Government efforts to slow climate change have been so ineffectual that the call has gone out to overhaul the American political and economic system—before global warming renders the planet, and the North Bay along with it, uninhabitable.

The writer Naomi Klein has argued that rightward-leaning citizens resist climate-change policies because they recognize them as a threat to unfettered consumption and capitalism. Climate change is a direct consequence of this. But the grim face of climate change glowers over the banquet table. The party’s over, and that’s not easy to accept.

And so this spring a group of academics launched the Next System Project. Gar Alperovitz, author of What Then Must We Do?, called on think tanks, activists and grassroots visionaries for ideas. Hundreds of writers, scientists and activists signed the Washington, D.C.–based organization’s petition, among them North Bay peak-oil author Richard Heinberg (find the petition at thenextsystem.org; see sidebar for more on Heinberg).

Heinberg, a senior fellow at Santa Rosa’s Post Carbon Institute and author of 12 books, does not mince words: “If we were going to arrest climate change, we would have started two or three decades ago.”

Instead, we now face spiking temperatures, weird weather, rising sea levels, species die-offs and ocean acidification. Capitalism as a system has failed to address climate change—because capitalism is premised on the idea of unlimited growth and easy credit, says Heinberg.

“We built our economic institutions around consumption based on cheap energy and stoked it with advertising,” says Heinberg. “We just can’t continue to grow.”

The economy is in crisis, says Heinberg, and collapse looms. “We’re not very far away from it,” he says. “Two or three years.”

Sustainability as currently practiced is of no use, Heinberg argues, unless “we move toward deep sustainability rather than fake sustainability. Fake sustainability asks, ‘How can we sustain what we’re doing right now?’ The answer is: ‘We can’t.’ Resilience is a more important term than sustainability. Resilience is being able to absorb shocks and continue functioning.”

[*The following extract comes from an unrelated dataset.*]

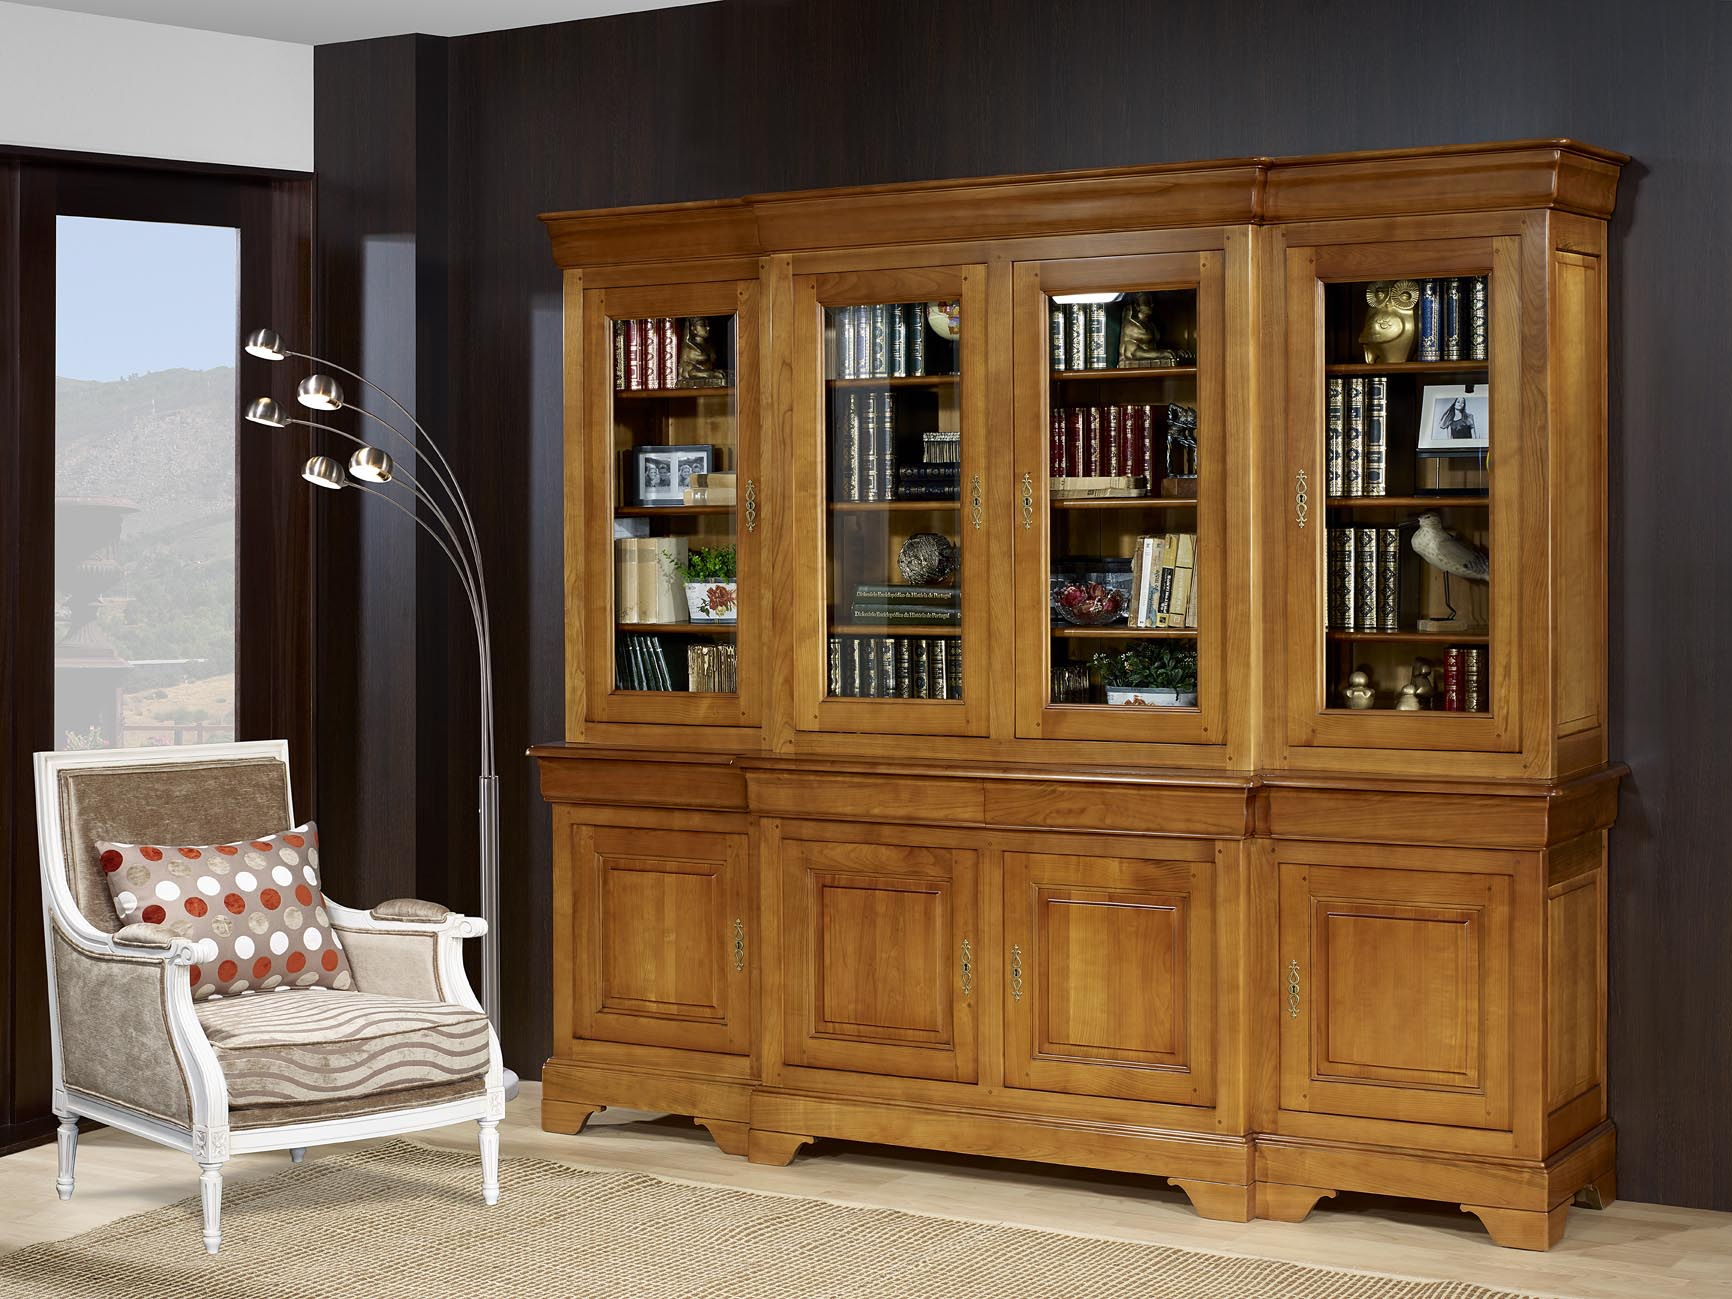 biblioth que 2 corps 4 portes anne laure en merisier. Black Bedroom Furniture Sets. Home Design Ideas

Americans are used to getting what we want, and many among us have trouble facing the implications of climate change. But while he acknowledges the perils of the climate crisis, Michael Shuman does not think the economic system is not about to unravel.

Shuman is an economist and also a fellow at the Post Carbon Institute. He’s the author of Local Dollars, Local Sense, his eighth book. Like Heinberg, he is a committed proponent of localism. But Shuman does not believe all is lost under the remorseless yoke of capitalism.

“Yes, many features of doing business-as-usual will have to change. But there’s a lot to be said for a healthy private marketplace with government setting the rules, and a high degree of decentralization.

“I think scenarios of economic collapse are the Y2K of the environmental movement,” Shuman adds, referring to the turn-of-the-last-century panic over the computer glitch that wasn’t. “People predict catastrophes that just never happen. We’re a big economy with many working parts. Chances are things are going to go wrong slowly rather than all at once. More self-reliant local economies will make life easier and safer.”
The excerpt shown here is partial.